Let's face it, we've all been there: the economist making a prediction — down to a tenth of a percent of GDP — of the effect a particular policy will have on the economy. The social psychologist drawing counter-intuitive conclusions from a study based on a tiny sample size. The web developer presenting the results of a questionable A/B test as definitive evidence that readers prefer the version of the Nature Physics website without a link to the current issue. “These people don't know what they're talking about,” we think. “If only they knew how to analyse data properly.”

Physicists, it is fair to say, like to think they understand data. They have the mathematical tools and the empirical expertise to work out the causal relationships between things. Sure, certain systems are more complicated than others — chiefly those made up of chemical, biological or social components — but a well-designed experiment, once properly executed, should yield clean data that can be analysed to make clear, scientific conclusions on the inner workings of nature.

A gallery of large graphs displaying complex data structures. Credit: © 2011 ACM. Reproduced from T. A. Davis & Y. Hu, ACM Trans. Math. Softw. 38, 1; 2011.

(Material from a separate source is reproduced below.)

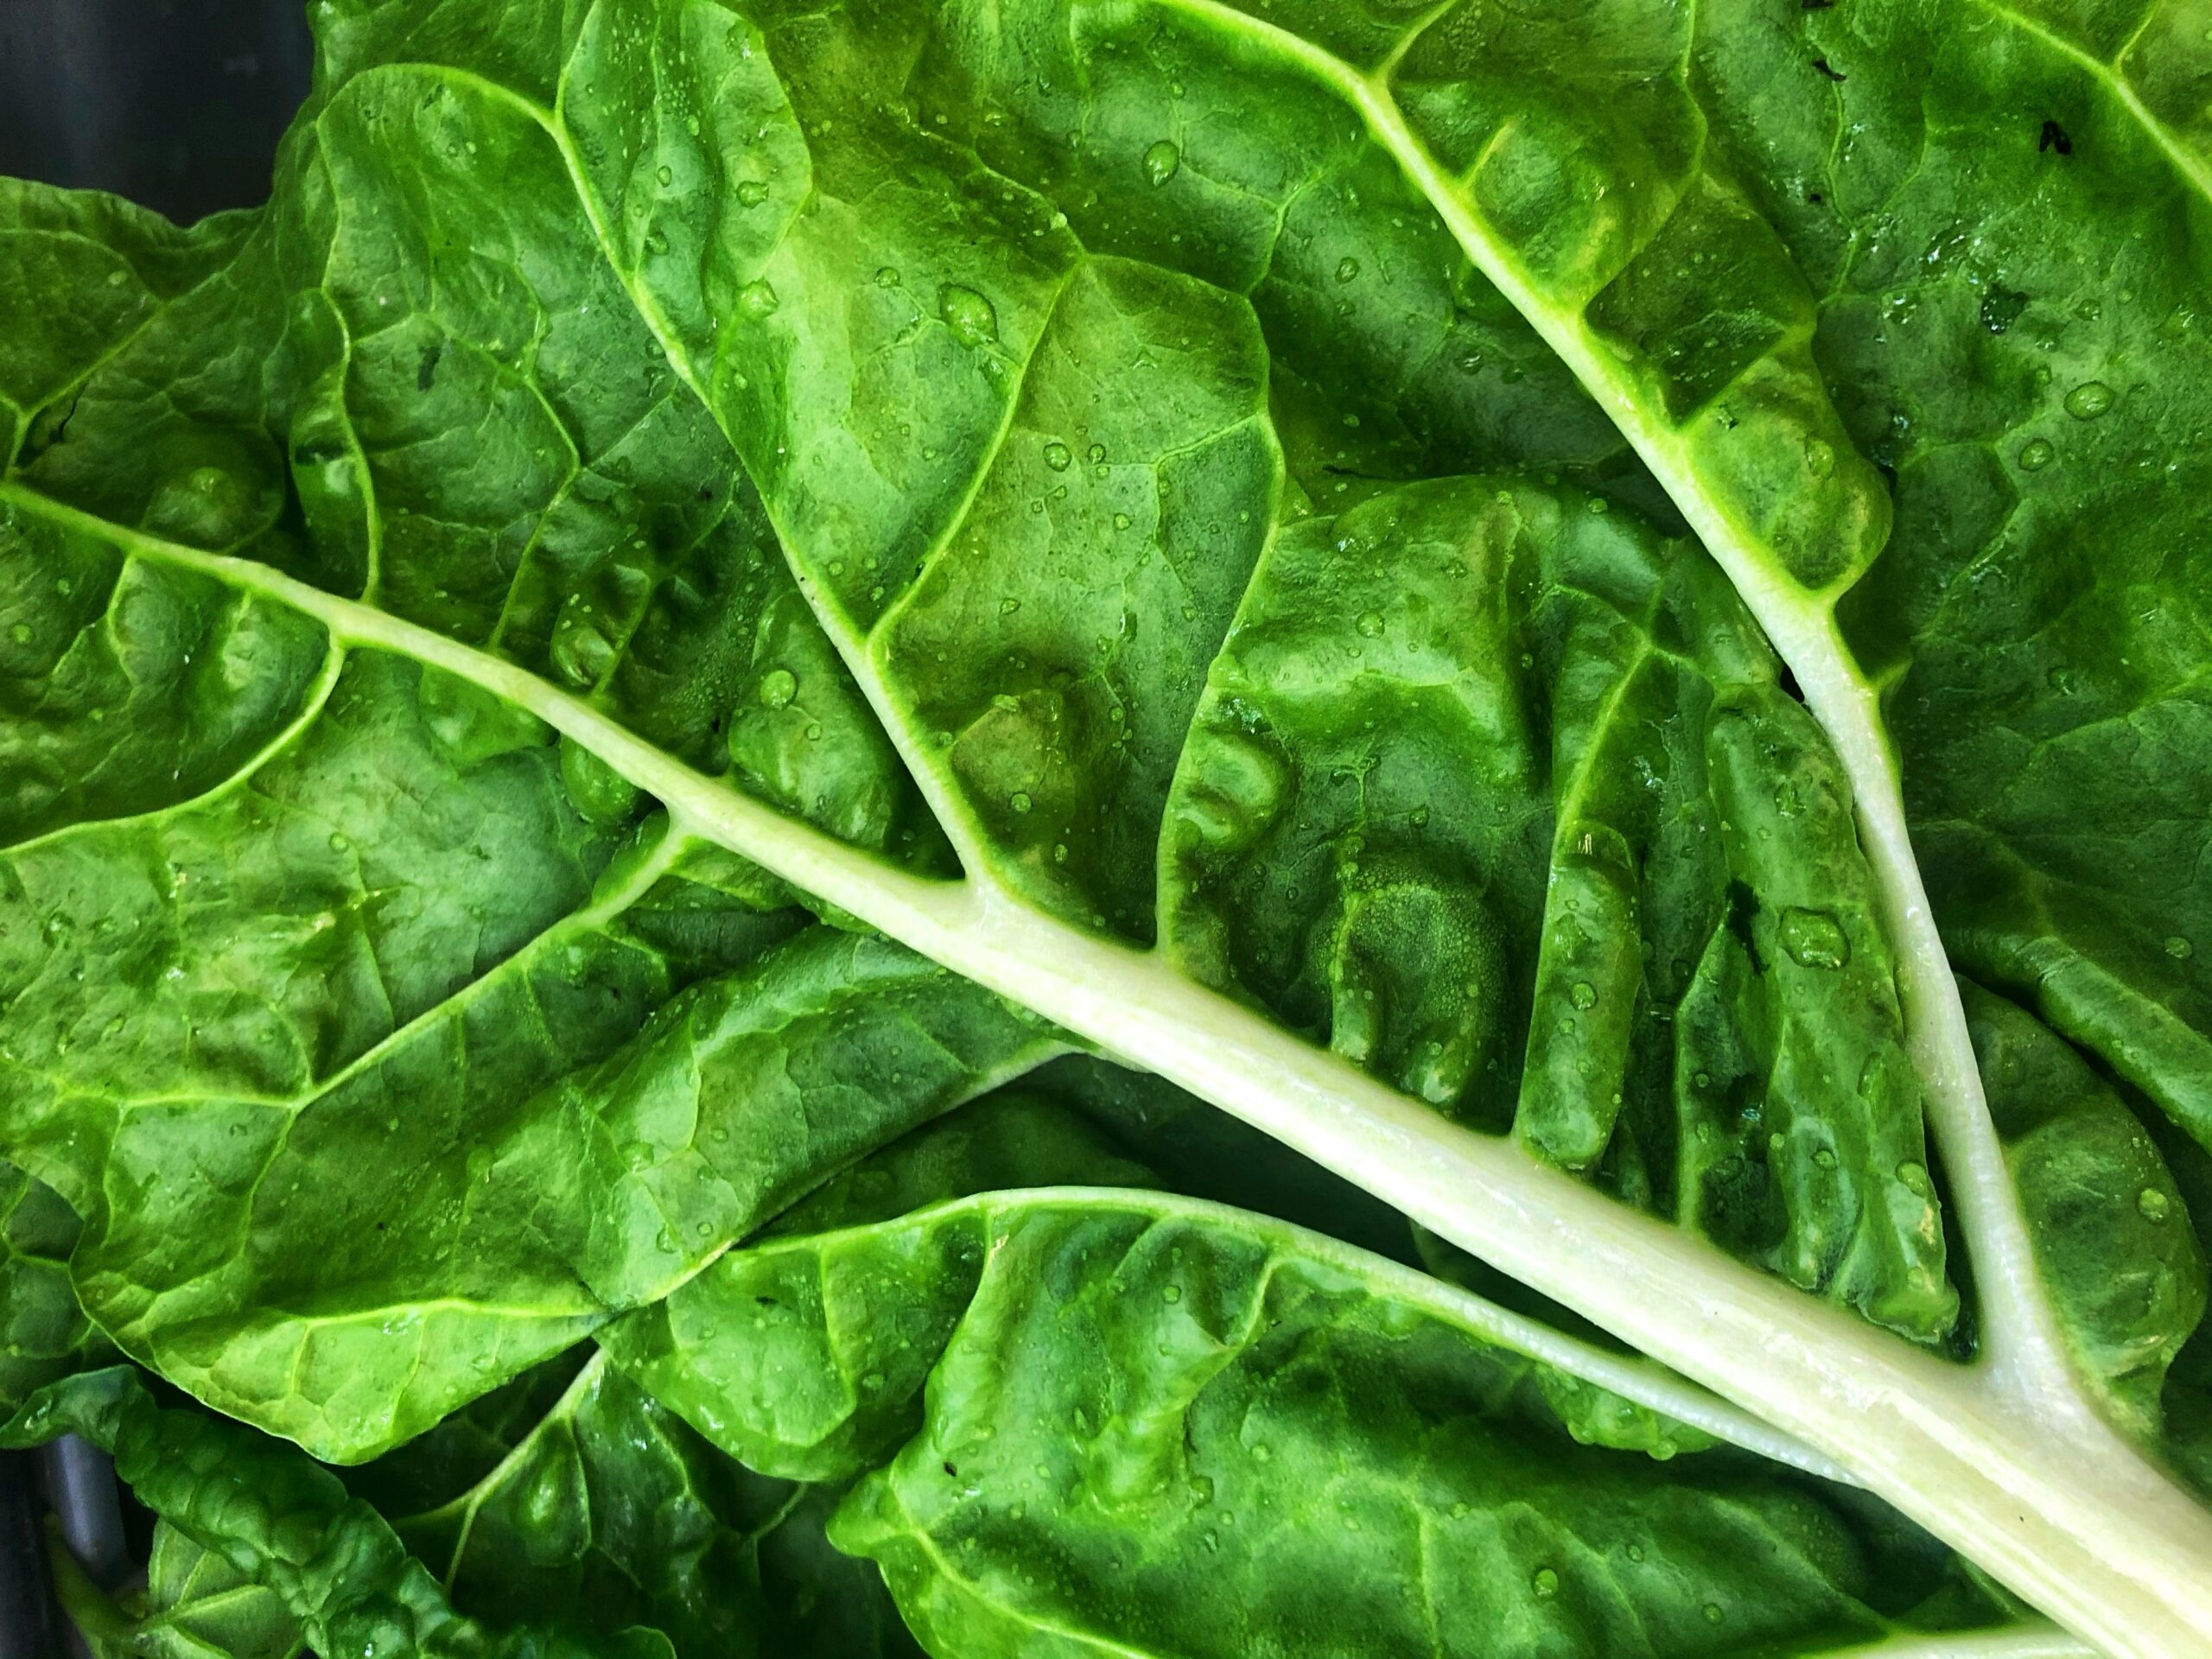 A zoomed in picture of a bright green kale leaf.

As Jeff Byers underlines in his Commentary on page 718, however, this is perhaps a rose-tinted view. For a start, it tends to downplay the role of experimental design. This is the aspect physicists truly excel at and, by virtue of working in a regime of nature where clean experiments are possible, also rather fortunate to benefit from. Clearly, a good grasp of calculus, statistics and programming helps — from a technical perspective physicists are at a comparative advantage relative to their colleagues in other natural sciences. But the fact is that statisticians, computer scientists, biologists, psychologists and economists often don't have the luxury of dealing with clean data.

Indeed, a growing number of problems in a range of fields come in a form that is the opposite of what physicists are used to seeing. Analysing user interactions on individual websites or across social media, establishing the dynamics of epidemics, working out the effects of economic policy that can be meaningfully quantified: these are often problems where the 'experiments' that can be carried out are far from ideal, but relatively easy to perform. The result is a deluge of data with a very complex structure.

To successfully attack these highly non-trivial problems — a discipline that is, so to speak, a kind of antiphysics — hubris is of no use.

To successfully attack these highly non-trivial problems — a discipline that is, so to speak, a kind of antiphysics — hubris is of no use. Instead, as Byers argues, physicists need to learn a new lexicon in order to translate their knowledge so that it can be useful in unfamiliar surroundings. An important step in this direction is to recognize that, while models have a great deal of applicability for analysing large-scale data sets, their use is but one approach for doing so. In the language of statistics and machine learning, physicists tend to opt for generative models; namely, those that allow for the generation of synthetic data prior to any observation. The predictive power of the Heisenberg model of ferromagnetism is one such example: up to a fitting parameter that sets the energy scale, this model works insofar as it fits the experimental data accounting for the ferromagnetism in a lump of, say, iron. But it remains a caricature of reality, one that rests on multiple assumptions and approximations.

By contrast, discriminative models do not provide a mechanism for how the data might have been generated. Instead, by using a set of techniques that are best thought of as a supervised learning approach, these treat the experimental data as a direct input, which is then used to iteratively improve the model that fits it. Byers refers to this prescription as “letting the model fluctuate around the data”, an approach that is possible thanks Bayes's theorem.

Indeed, there is plenty that physicists can learn from machine learning, and in order to bridge this gap Byers advocates for a greater exposure of physics students to statistics and probability, as well as information theory. If complemented by a few key concepts from these disciplines, the techniques that physicists already learn from statistical mechanics and field theory can be transformed for use in the most complex data analysis tasks facing other research disciplines and industries. Central among these is the power of looking backwards through our models — a kind of statistical physics in reverse, as it were — by letting the model fluctuate around the data, as suggested by the Bayesian approach to statistical inference.

To some, it may come as a surprise that mathematical techniques originally developed in physics, such as those required to compute the partition function, have been exported to other domains of research and developed further. It is perhaps time physicists learn about these developments and take them back. The upshot of learning to work with messy data is that there are countless interesting problems to address in this way, and there are countless companies that are willing to pay scientists that are able to do so.

As complexity features ever more prominently in the realm of physics, we need a new generation of physicists equipped with the tools to rise to the challenges this poses.